Soon after, Weber began making what Stamp calls her “living newspaper” films for Universal Studios—movies that addressed contentious contemporary issues. She took on capital punishment in the 1916 anti-death penalty film The People Vs. John Doe (about the trial of Charles Stielow), poverty and prostitution in Shoes (1916), and most controversially, abortion and contraception in Where Are My Children? and The Hand That Rocks The Cradle.

Stamp writes, “At a time when disseminating contraceptive advice remained a felony and when motion pictures were no longer protected by guarantees of free speech, Where Are My Children? encountered significant problems with censorship and regulation.” In fact, the National Board of Review unanimously rejected the film, which portrayed the fictional prosecution of a doctor accused of distributing birth control literature as well as a group of society women having abortions. The film was accused of communicating a confusing message with regard to contraception and abortion (a "delicate and dangerous" topic according to the Board), in part because they were portrayed as necessary for the poor and immigrants but less so for rich whites. Fortunately for Weber, Universal stood by the controversial film, and decided to screen it in select theaters despite the Board’s censorship. In New York City, the film was such a massive hit moviegoers were turned away from sold-out showings weeks into its run.

Wikimedia Commons, Public Domain

Next, inspired by Margaret Sanger’s work promoting contraceptive education, Weber wrote Is a Woman A Person?, later retitled The Hand That Rocks The Cradle. Weber’s protagonist Louise Broome, a character based on Sanger, is indicted for distributing family planning information. This time, Weber seems to imply that access to birth control should be universal: In the film, Broome tells her husband, “If the law makers had to bear the children, they would change the laws quickly enough.”
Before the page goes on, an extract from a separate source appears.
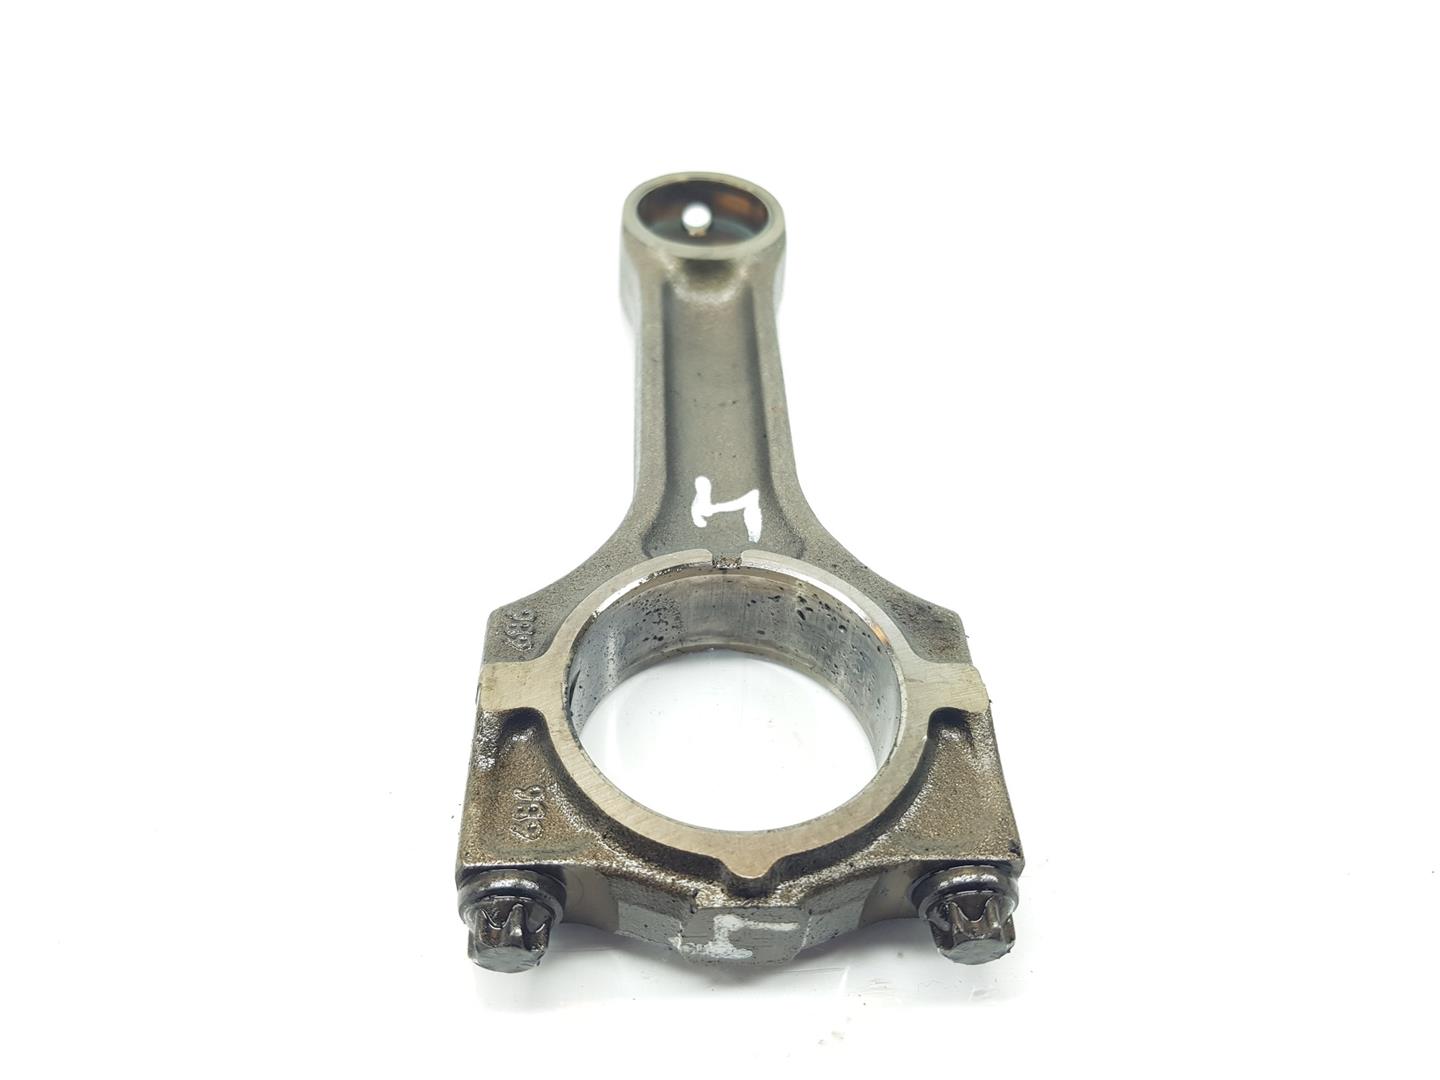 BMW 3 Series E46 (1997-2006) Connecting Rod 11242247518, 2247518, 1111AA 24175394

But though The Hand That Rocks The Cradle was radical, Weber was becoming frustrated not only with the National Board of Review, but with the timidity of Universal. At the premiere of The Hand That Rocks the Cradle, Weber complained that Universal had forced her to tone down the film. “It’s too tame,” she said. “Hardly a jolt in it. I wanted to make it talk right out, only fear of the censors made my managers hold me down and divest it of ‘ginger.’”
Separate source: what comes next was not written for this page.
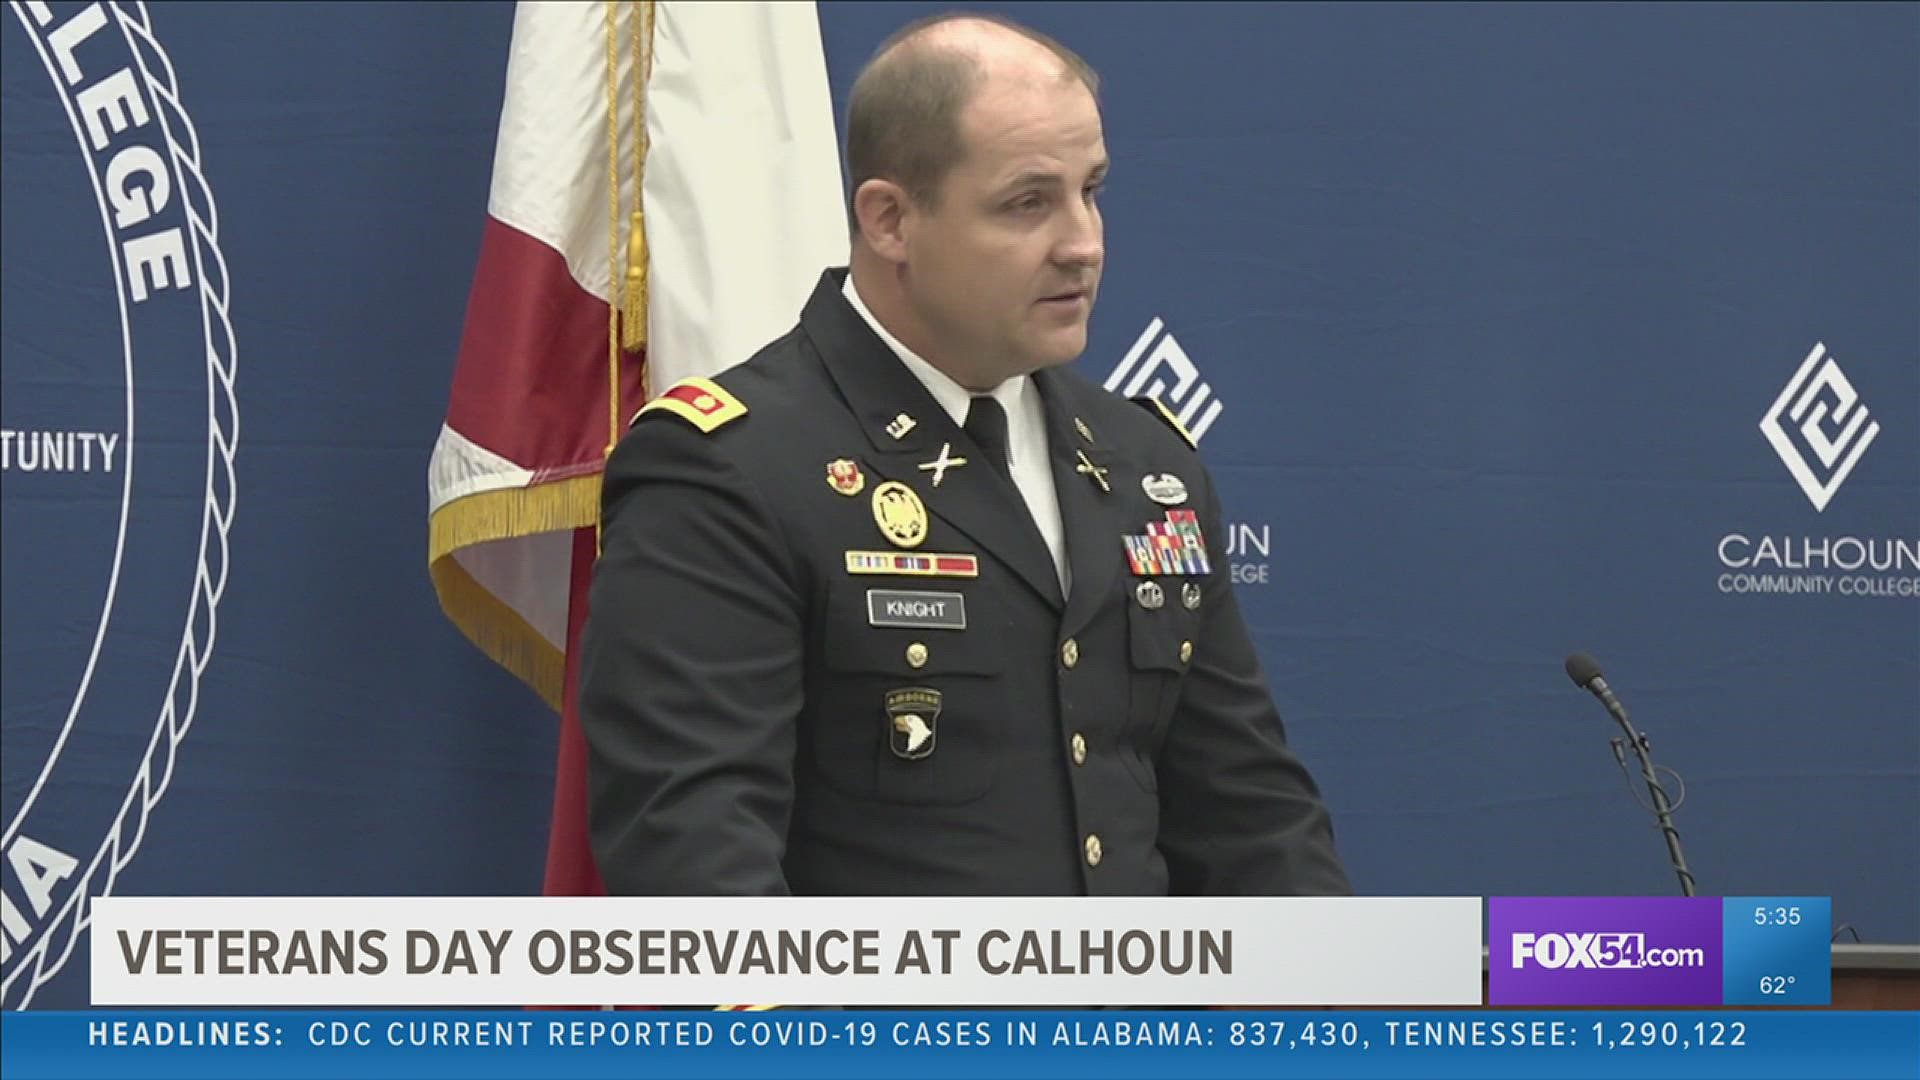 Calhoun wanted students to have a better understanding of the experiences that veterans have to face.

So, seeking more creative independence, she founded Lois Weber Productions in 1917. For the next four years, she continued to direct films, launching the careers of some of the most well-known actresses of the silent era, including that of Mildred Harris, the future first wife of Charlie Chaplin.

But, by 1921, Lois Weber productions collapsed. Hollywood was changing and Lois Weber’s brand of activist filmmaking was no longer in demand. Increasingly, according to Stamp, her films were seen as didactic instead of revolutionary, “preachy” instead of radical. At the same time, as major studios began to form, independent filmmakers were struggling to keep their footing in the film industry. Hollywood was also becoming an increasingly masculine industry: During the silent era, according to Stamp, approximately half of the screenwriters in Hollywood were women. But by the time sound came in the late 1920s, the number of women working behind the camera began to decrease. Weber made her last film (and only sound film), White Heat, in 1934, and by the time she passed away in 1939, she was largely forgotten.
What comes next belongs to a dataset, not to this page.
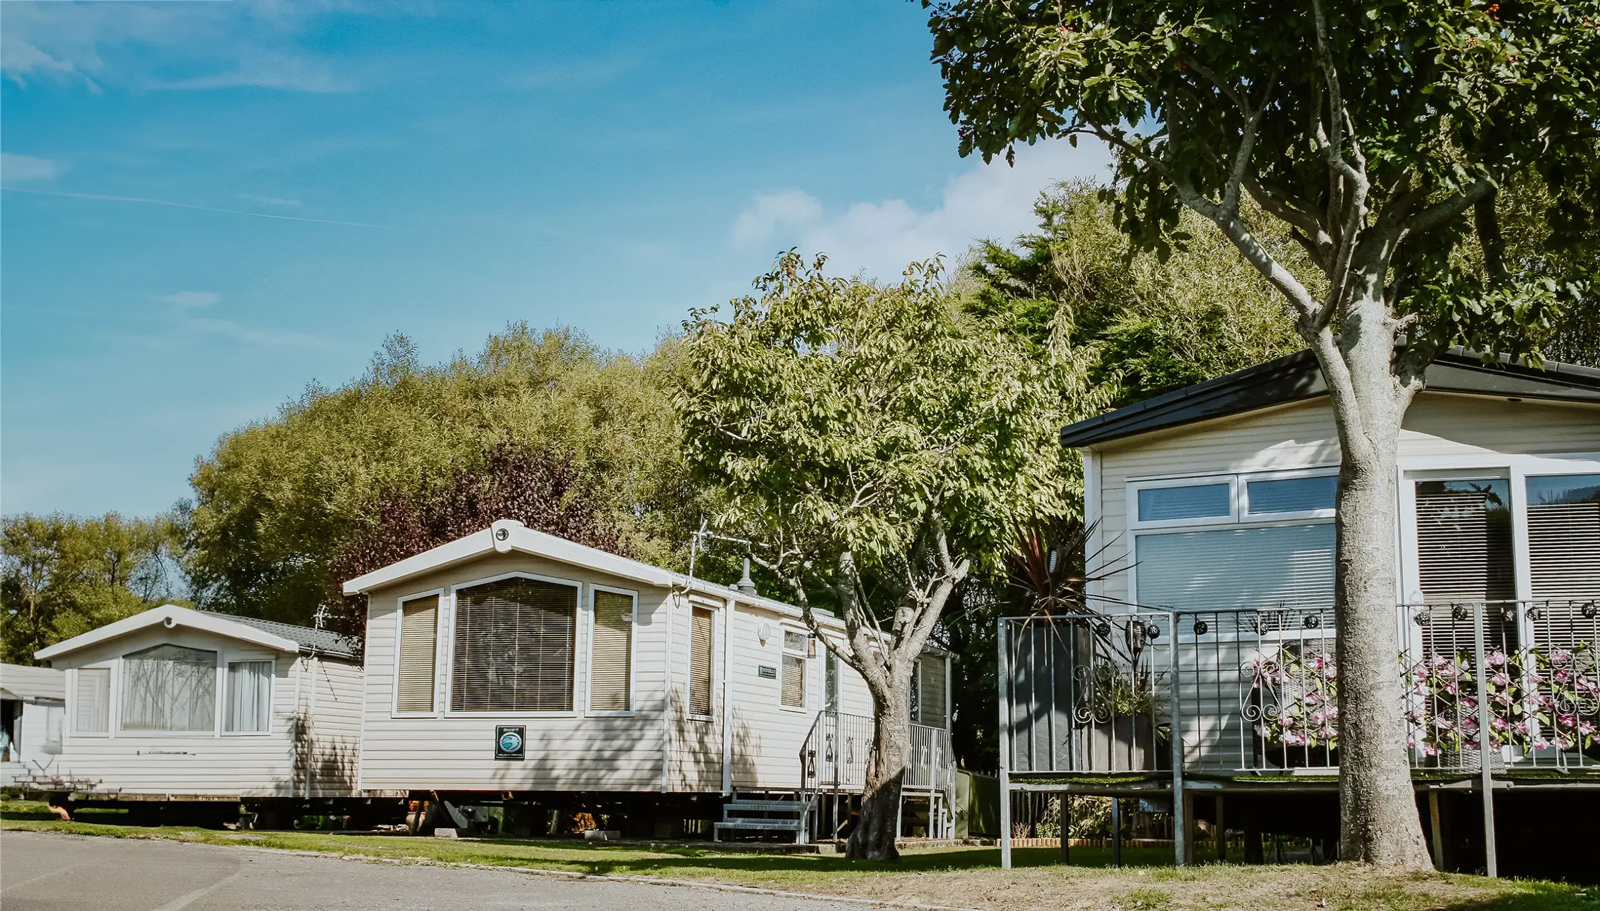 Static holiday homes at Country View Holiday Park in Weston Super Mare

Although Weber’s career didn’t survive the sound era, during her heyday she was an incredibly influential figure. In fact, in 1918, film trade journal Wid’s Daily exclaimed, “If you can’t get money today by announcing a Lois Weber production, there is something wrong with your method of exploitation.” And, in a 1921 profile in Motion Picture, one journalist wrote of Weber, “She is doing a lion’s share toward broadening the horizon of women’s endeavors, and her brilliant accomplishments should act as a spur for the ambitious but halting ones who long for the freedom of self-expression found in a vocation of their own.”